In order to determine whether to characterize a state law offense as one of dishonesty, we look to state law to identify the elements of the crime. See Fed.R.Evid. 609(b), advisory committee's note. Under Michigan law, the only element of the misdemeanor of possession of a switchblade is actual possession. See Mich.Comp. Laws Ann. § 750.226a (West 1968). Specific intent to deceive is not an element of the offense. However, the statute defines a switchblade as a weapon that "has the appearance of a pocket knife." Id. Appellant argues that the fact that a switchblade may not appear to be a weapon makes possession of this particular weapon a crime of dishonesty.

The appellant's argument misses the mark. The conference committee report on the Federal Rules of Evidence defined "crimes of dishonesty" to mean "crimes such as perjury or subrogation of perjury, false statement, criminal fraud, embezzlement, or false pretense." H.R. Conf.Rep. No. 93-1597, 93rd Cong., 2nd Sess. 9, reprinted in 1974 U.S. Code Cong. Admin.News 7051, 7103. The essential characteristic of these offenses is that the witness, acting in a calculated and deliberate manner, has committed acts of falsification for the very purpose of deceiving.
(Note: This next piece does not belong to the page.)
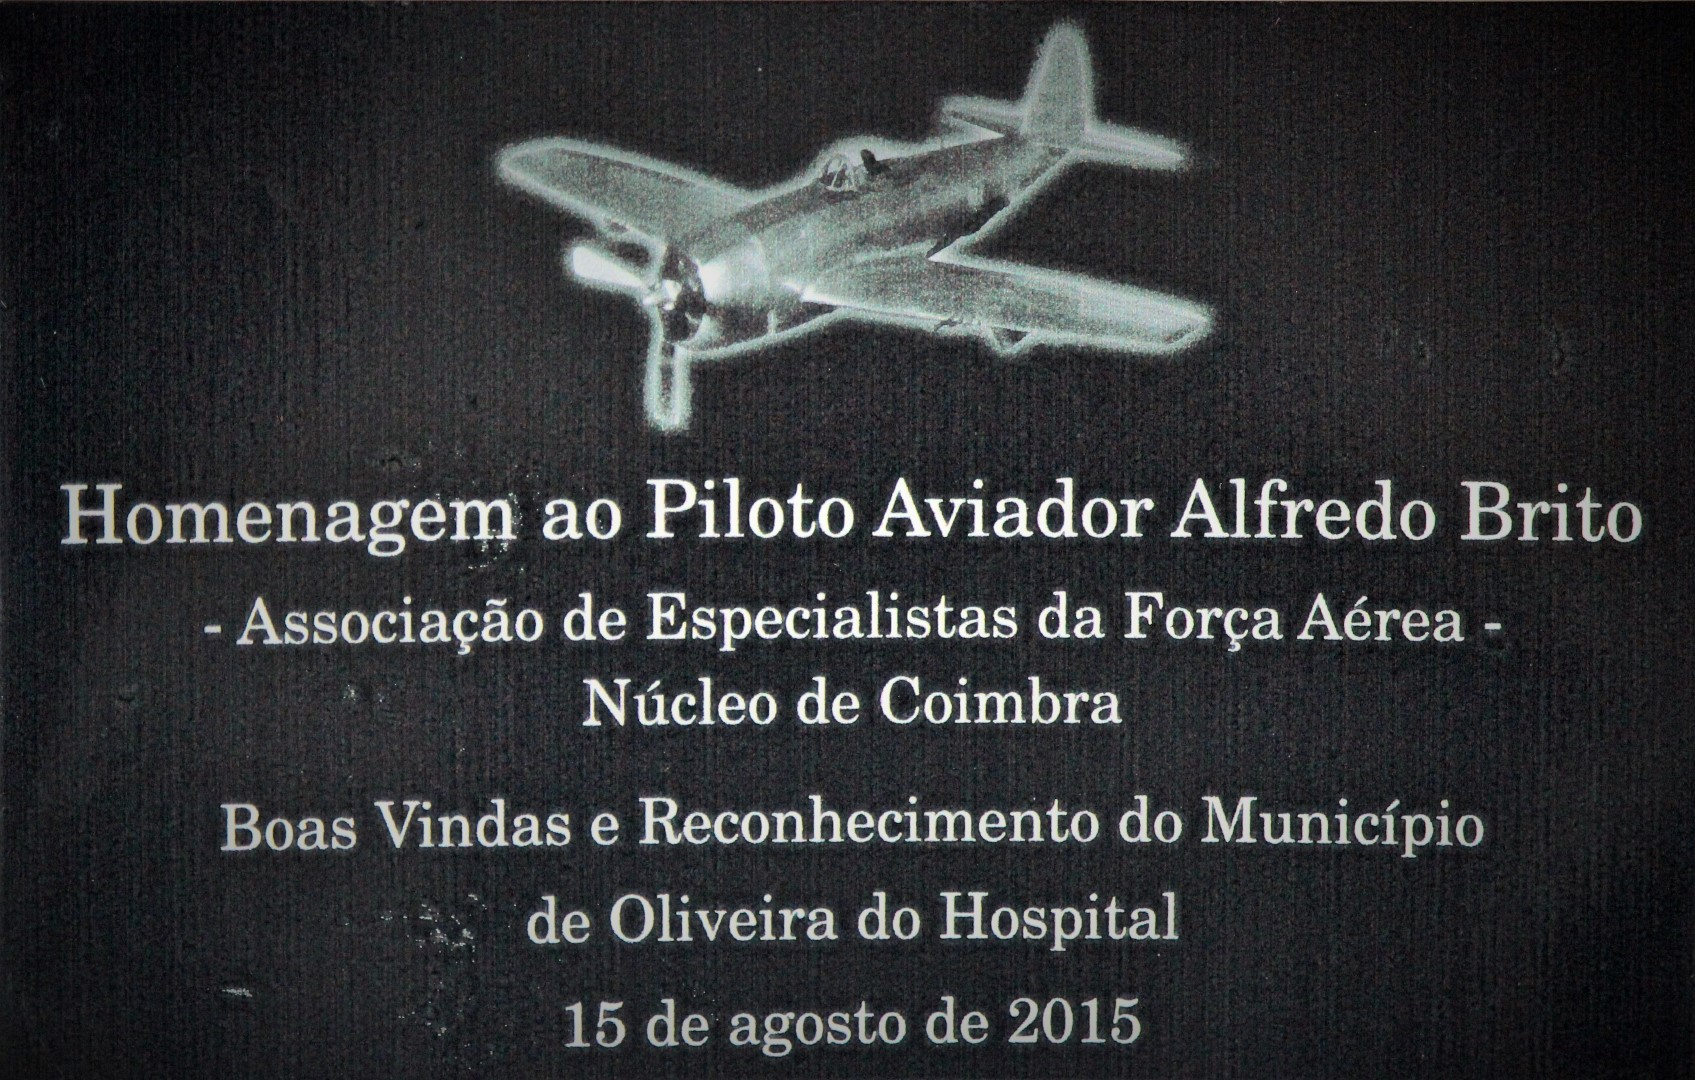 Homenagem ao Piloto Aviador Alfredo Brito

It is this essential characteristic that makes these crimes probative of a witness' propensity to testify truthfully. It seems clear that Chris Yeatts' decision to carry a switchblade, rather than a gun, is not probative of his propensity to lie under oath. The district court, therefore, did not err in excluding evidence concerning this conviction.

C.

Appellant asserts that the district court's exclusion of the evidence concerning Chris Yeatts' drug use and Yeatts' misdemeanor conviction denied him his right to "confront the witnesses against him" as guaranteed by the Sixth Amendment. We find this claim to be without merit.

The Sixth Amendment provides a criminal defendant the right to cross-examine the prosecution's witnesses. United States v. Thompson, 807 F.2d 585, 589 (7th Cir. 1986). However, this right is not unlimited. Trial judges have broad discretion "to impose reasonable limits on such cross-examination based on concerns about . . . harassment, prejudice, confusion of issues, the witness' safety, or interrogation that is repetitive or only marginally relevant." Delaware v. Van Arsdall, ___ U.S. ___, 106 S.Ct. 1431, 1435, 89 L.Ed.2d 674 (1986). In order to determine whether the restrictions placed on the right to cross-examine a witness rise to the level of a constitutional deprivation, we "look to the record as a whole . . . and to the alternative means open to impeach the witness." United States ex rel. Blackwell v. Frazen, 688 F.2d 496, 500-01 (7th Cir. 1982), cert. denied, 460 U.S. 1072, 103 S.Ct. 1529, 75 L.Ed.2d 950 (1983) (citations omitted). We must resolve whether the restrictions that the court imposed on the defendant's cross-examination deprived the defense of a meaningful opportunity to elicit available, relevant information that was likely to effectively impeach the credibility of the witness.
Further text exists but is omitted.